Mosca coinvolta nelle tensioni tra Siria e Turchia per le armi sul volo russo
Continua a salire pericolosamente la tensione tra Siria e Turchia, in una guerra di
accuse che coinvolge ora anche la Russia, all'indomani del blitz dei caccia militari
turchi che su ordine del premier Erdogan hanno intercettato un aereo di linea siriano
in volo fra Mosca e Damasco. Intanto anche ieri oltre un centinaio le vittime delle
violenze tra militari ed insorti. Il servizio è di Marina Calculli:
La tensione
tra Siria e Turchia esplode dopo la deviazione del volo di linea siriano proveniente
da Mosca che le autorità turche hanno fatto atterrare e perquisire. “A bordo - sostiene
Ankara - abbiamo trovato equipaggiamento militare e munizioni con il marchio di un
grande produttore russo ”. Il sequestro sarebbe dunque in linea con l’embargo sulla
vendita di armi a Damasco. Ma la Siria replica: è stata “un’aggressione, un atto di
pirateria che avrebbe potuto mettere in pericolo i 37 passeggeri a bordo”. La guerra
c’è dunque, anche se per ora soltanto verbale.
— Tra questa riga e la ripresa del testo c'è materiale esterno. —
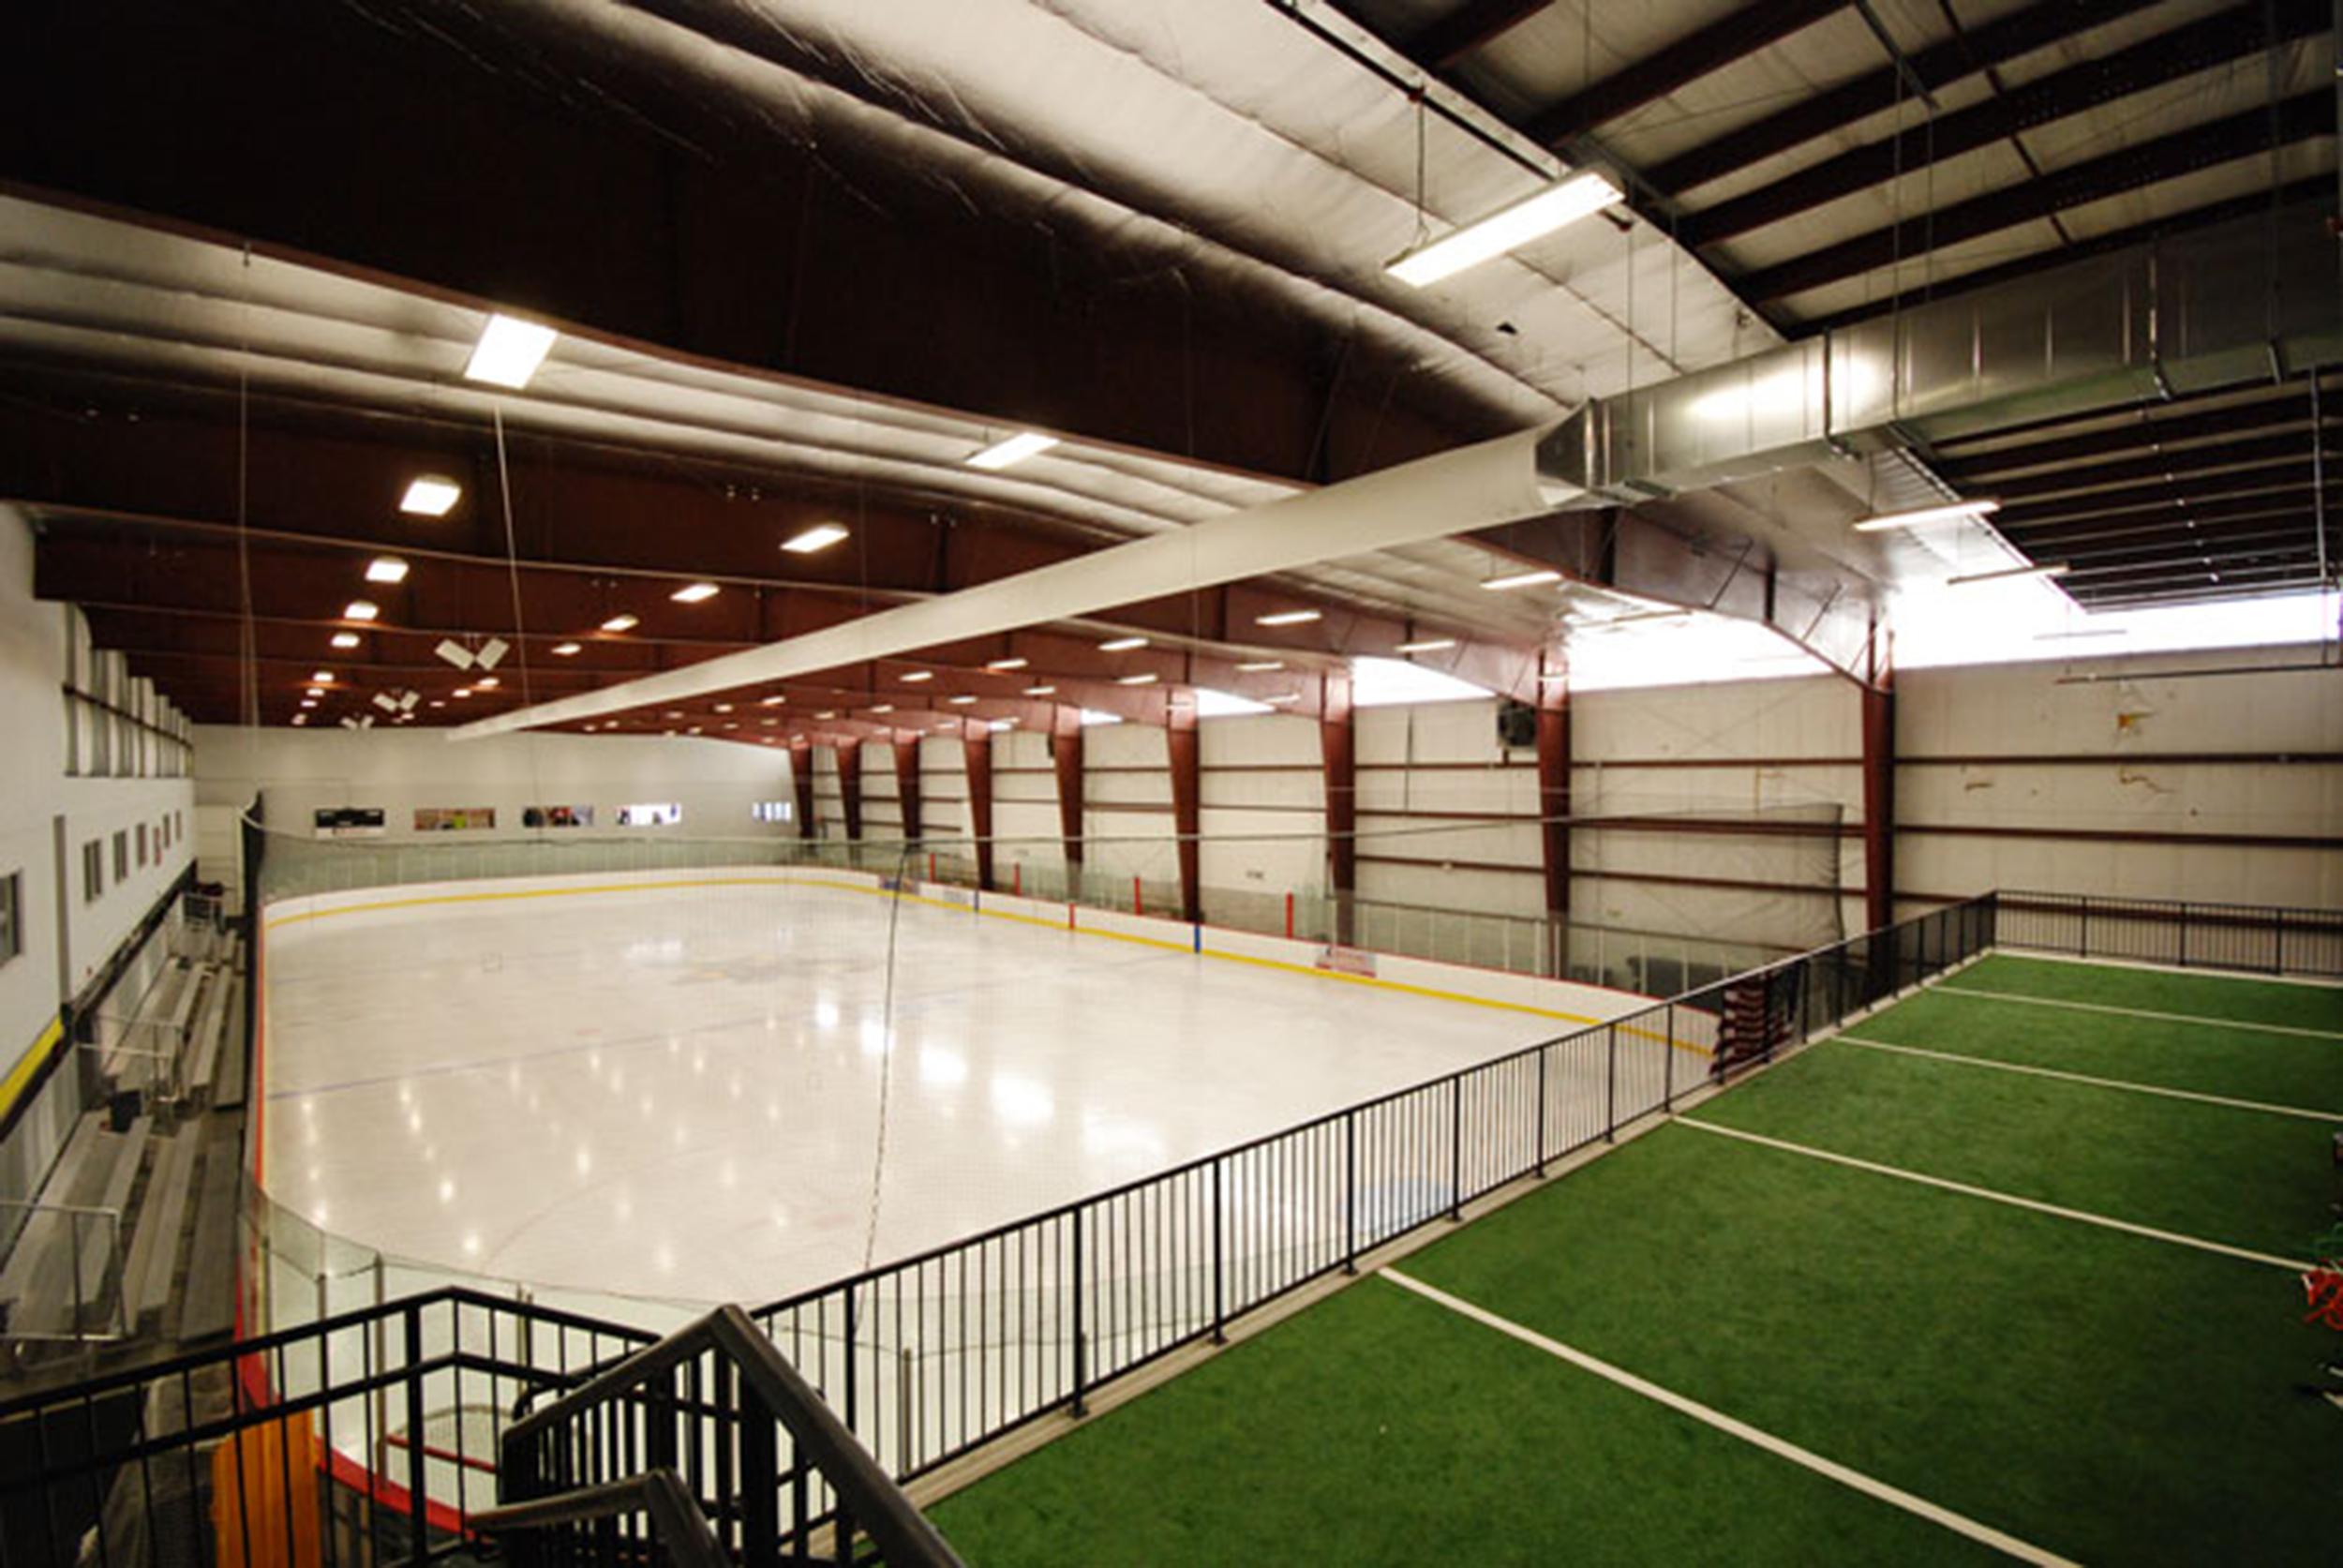 Edge Sports Center

E tuttavia il quotidiano turco Hurryiet
non usa giri di parole: “la Turchia è prontissima al conflitto”. E la querelle per
di più chiama in ballo anche la Russia, a poco più di un mese da una visita ufficiale
del presidente Putin in Turchia. Intanto sul terreno i ribelli annunciano di controllare
importanti posizioni strategiche nel nord-ovest e buona parte dell’autostrada Damasco-Aleppo.
Ieri sera infine una bomba è esplosa nella capitale in pieno centro vicino alla celebre
piazza degli Omayadi.
E come abbiamo già detto, tra Damasco e Ankara sale
sempre più la tensione, soprattutto dopo che la Turchia ha costretto all’atterraggio
sul proprio territorio un aereo siriano proveniente dalla Russia contenente materiale
bellico. Giancarlo La Vella ha intervistato Stefano Torelli, esperto di Medio Oriente
del sito “Equilibri.net”:
R. – Questo
è il frutto di una politica non chiara da parte di tutti gli attori internazionali.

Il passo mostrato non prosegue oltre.